Kernel methods were also applied for binary classification purposes in refs. 12, 14–16. Methods considered are Bayesian LSSVM (17) and RVM (17) with linear, radial basis function (RBF), and additive RBF kernels. LSSVMs and RVMs are mathematically advanced methods that are flexible in creating a nonlinear separation between two classes. Mathematically, these methods make a linear separation after applying a kernel function to the data. Relative to the original data, the use of a kernel function may introduce nonlinearity in the separation between both classes. RVMs work with any function (not necessarily with a positive semidefinite kernel function), such that RVMs are not true kernelbased methods, whereas LSSVMs are. Using a linear kernel, the separation between classes will still be linear with respect to the original data.
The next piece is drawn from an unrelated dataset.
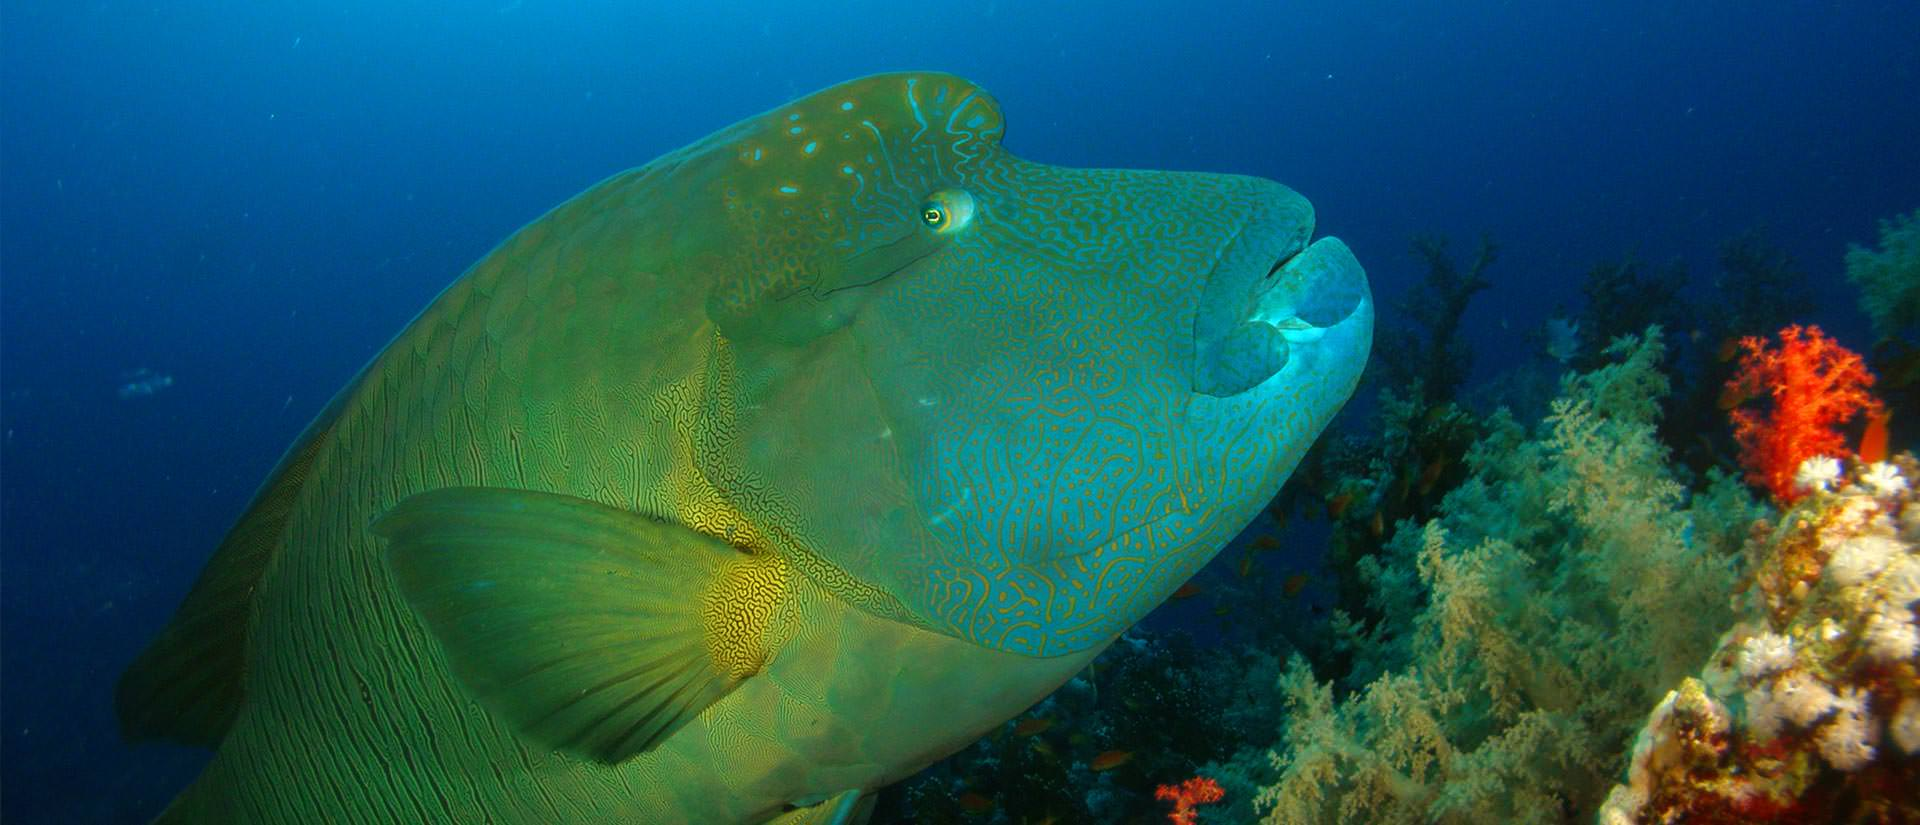 קורס הנייטרוקס של צלילה גיאוגרפית
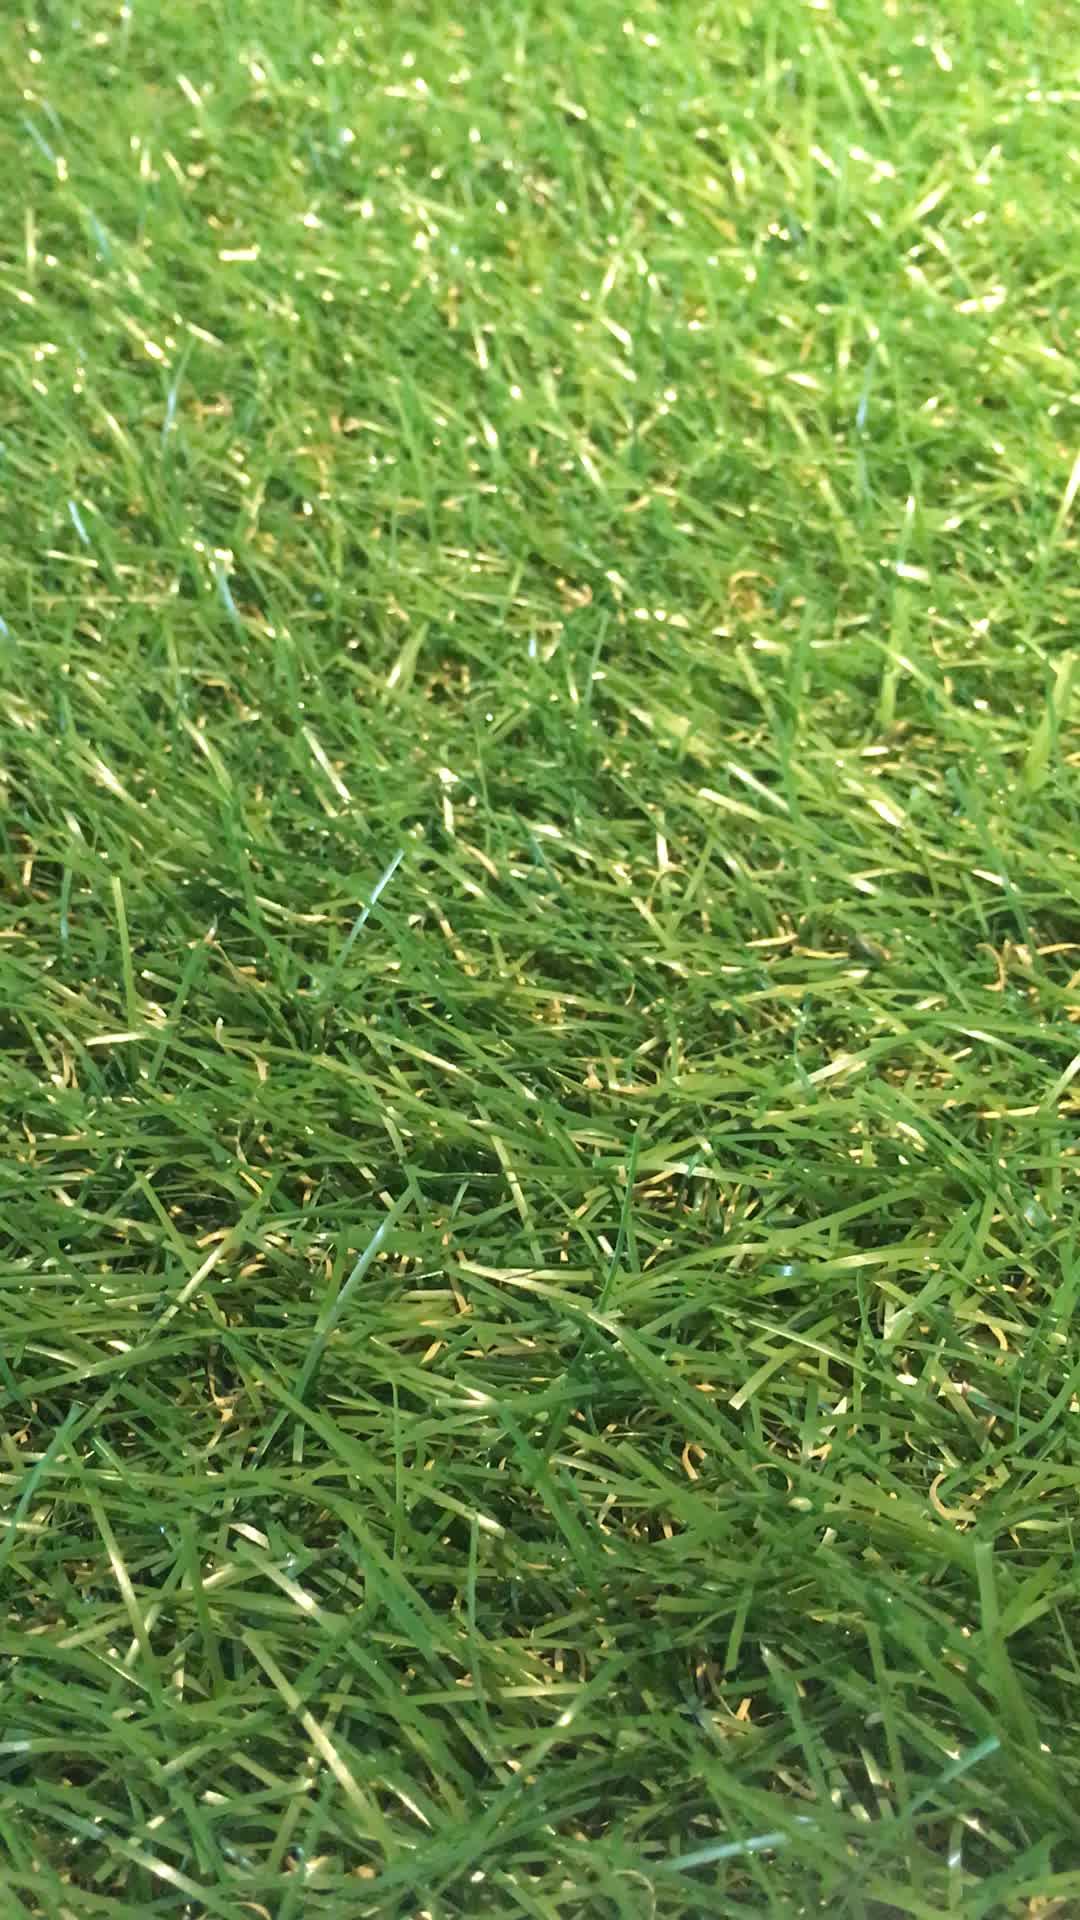 AAG landscaping artificial grass ,artificial turf, grass artificial

A typical kernel function to obtain nonlinear separation is the RBF. The additive RBF kernel (18) is an extension of the RBF kernel to get more insight in how the model works. More explanation on LSSVMs and RVMs can be found in refs. 11, 17, 18. More information about the Bayesian approach to LSSVMs is given in ref. 11. Variable selection was done using forward and backward selection in a Bayesian LSSVM framework. The variable selection analyses resulted in 12 variables being included in the mathematical models (Table 1 ). When these models were tested on the test set of IOTA phase 1, all models had similar performance, with test set AUCs ranging from 0.94 to 0.95, accuracy from 83% to 86%, sensitivity from 91% to 93%, and specificity from 81% to 84%.
Next to the kernel methods, a Bayesian multilayer perceptron using the evidence procedure (19, 20) was applied as another type of model that can incorporate nonlinearity (14). Variable selection was done using Automatic Relevance Determination and model selection using crossvalidation. A linear model using Bayesian perceptron was also developed. The best Bayesian multilayer perceptron included 11 variables with two hidden neurons (Bay MLP 112a). All three neural networks used different sets of variables; the models included 6 to 12 of the variables, which are listed in Table 1.
Statistical analysis. The diagnostic performance of each model was expressed as the AUC (21) and the partial AUC (22). The partial AUC is the area under that part of the ROC curve, which is defined by the lowest acceptable specificity. Because we believe that the lowest acceptable specificity when predicting malignancy in ovarian tumors is 75%, we computed the partial AUC (0.75), that is, the area under that part of the ROC curve where the specificity is ≥75% (the most left part of the ROC curve; ref. 21). Using the six levels of diagnostic confidence as different cutoffs, a ROC curve for pattern recognition could be constructed as well. The diagnostic performance of the models was also expressed as sensitivity, specificity, positive and negative predictive value, and positive and negative likelihood ratio when using the risk cutoff recommended in the original article describing the model. However, sensitivity and specificity of a model depend on the cutoff chosen, whereas the AUC reflects overall test performance. Therefore, we considered the AUC to be the most important measure of diagnostic performance (20). Because the statistical comparison of all 11 models would yield 55 different P values, we preferred to compare the performance of the models by using the ranking method based on the work of Pepe et al. (23). In this method, all models are ranked with regard to a chosen criterion. For our analysis, the main criterion was the AUC. Because the ranking is influenced by sampling variability, the probability that a method is ranked among the κ best methods, Pm(κ), is computed using 1,000 bootstrap samples (23). A bootstrap sample is a new data set generated from the original data set, where both have the same sample size. The bootstrap sample is constructed by randomly selecting patients from the original data set. Patients are selected “with replacement,” meaning that a patient can be selected more than once or not at all for a given bootstrap sample (25). For each bootstrap sample, the AUCs were computed and the models were ranked according to their AUC. This allowed us to compute how many times each model was ranked as the best, Pm(1), among the best three, Pm(3), and among the best five, Pm(5). The mean rank over all bootstrap samples was also computed.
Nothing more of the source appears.